WHAT IS REQUIRED:
Restate the data exactly as given and keep the pictures out.

DATASET EXTRACT:

Segment Open

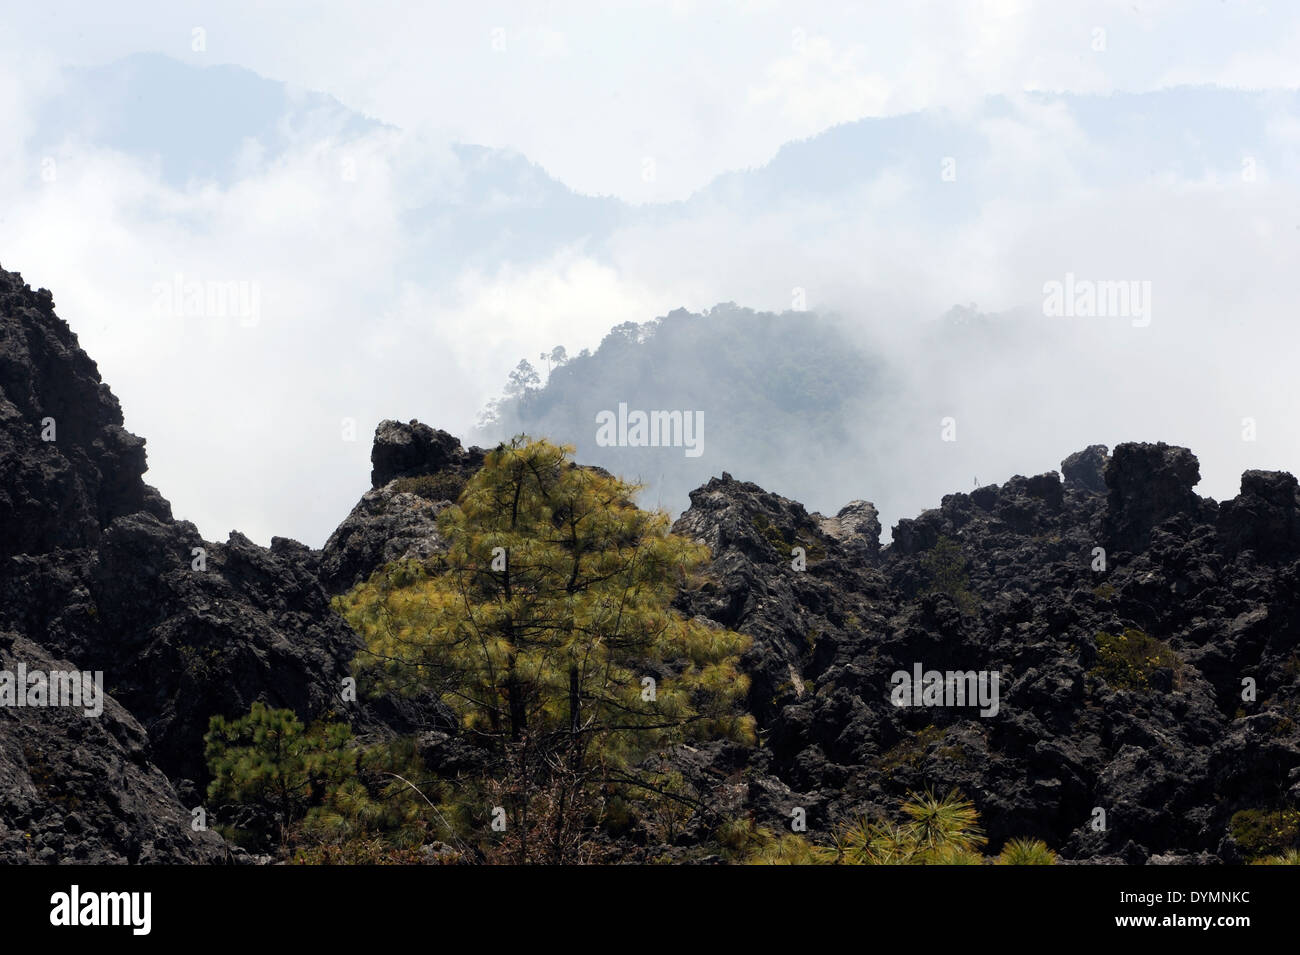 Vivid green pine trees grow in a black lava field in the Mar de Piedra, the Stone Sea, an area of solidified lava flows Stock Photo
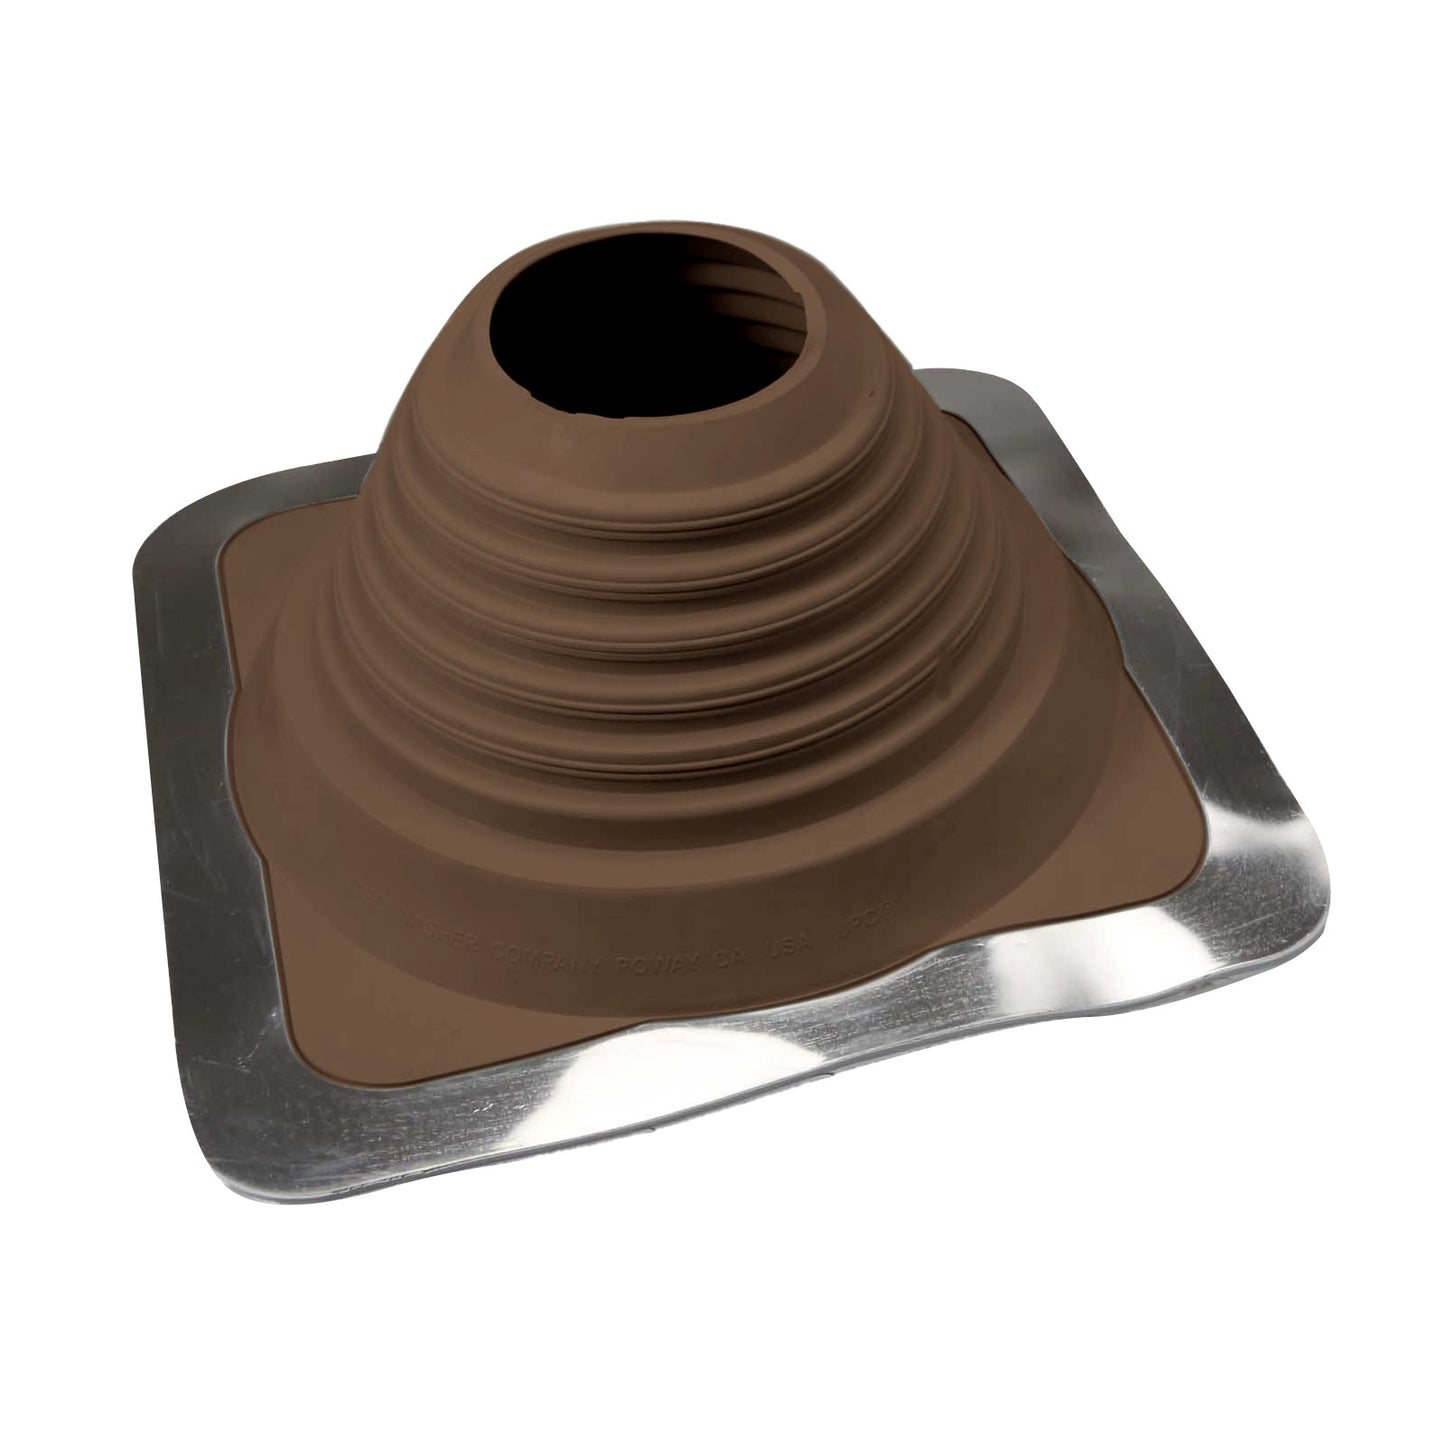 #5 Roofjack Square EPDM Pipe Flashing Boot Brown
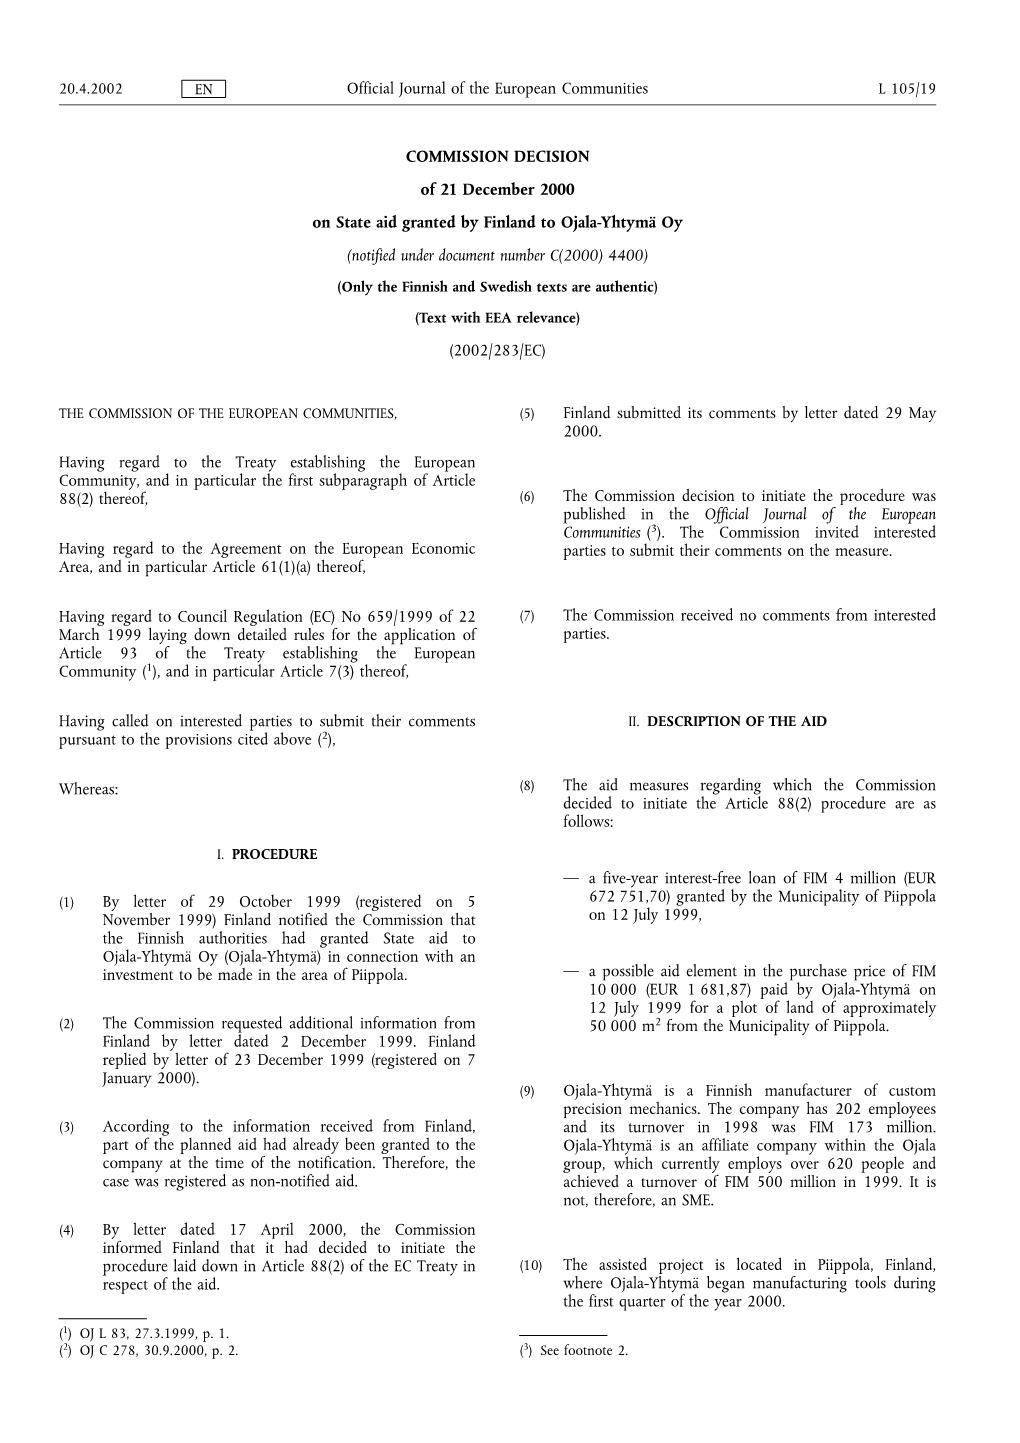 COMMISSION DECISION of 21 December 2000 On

Segment Closed

EXERCISE RESULT:
 Vivid green pine trees grow in a black lava field in the Mar de Piedra, the Stone Sea, an area of solidified lava flows Stock Photo
 #5 Roofjack Square EPDM Pipe Flashing Boot Brown
 COMMISSION DECISION of 21 December 2000 On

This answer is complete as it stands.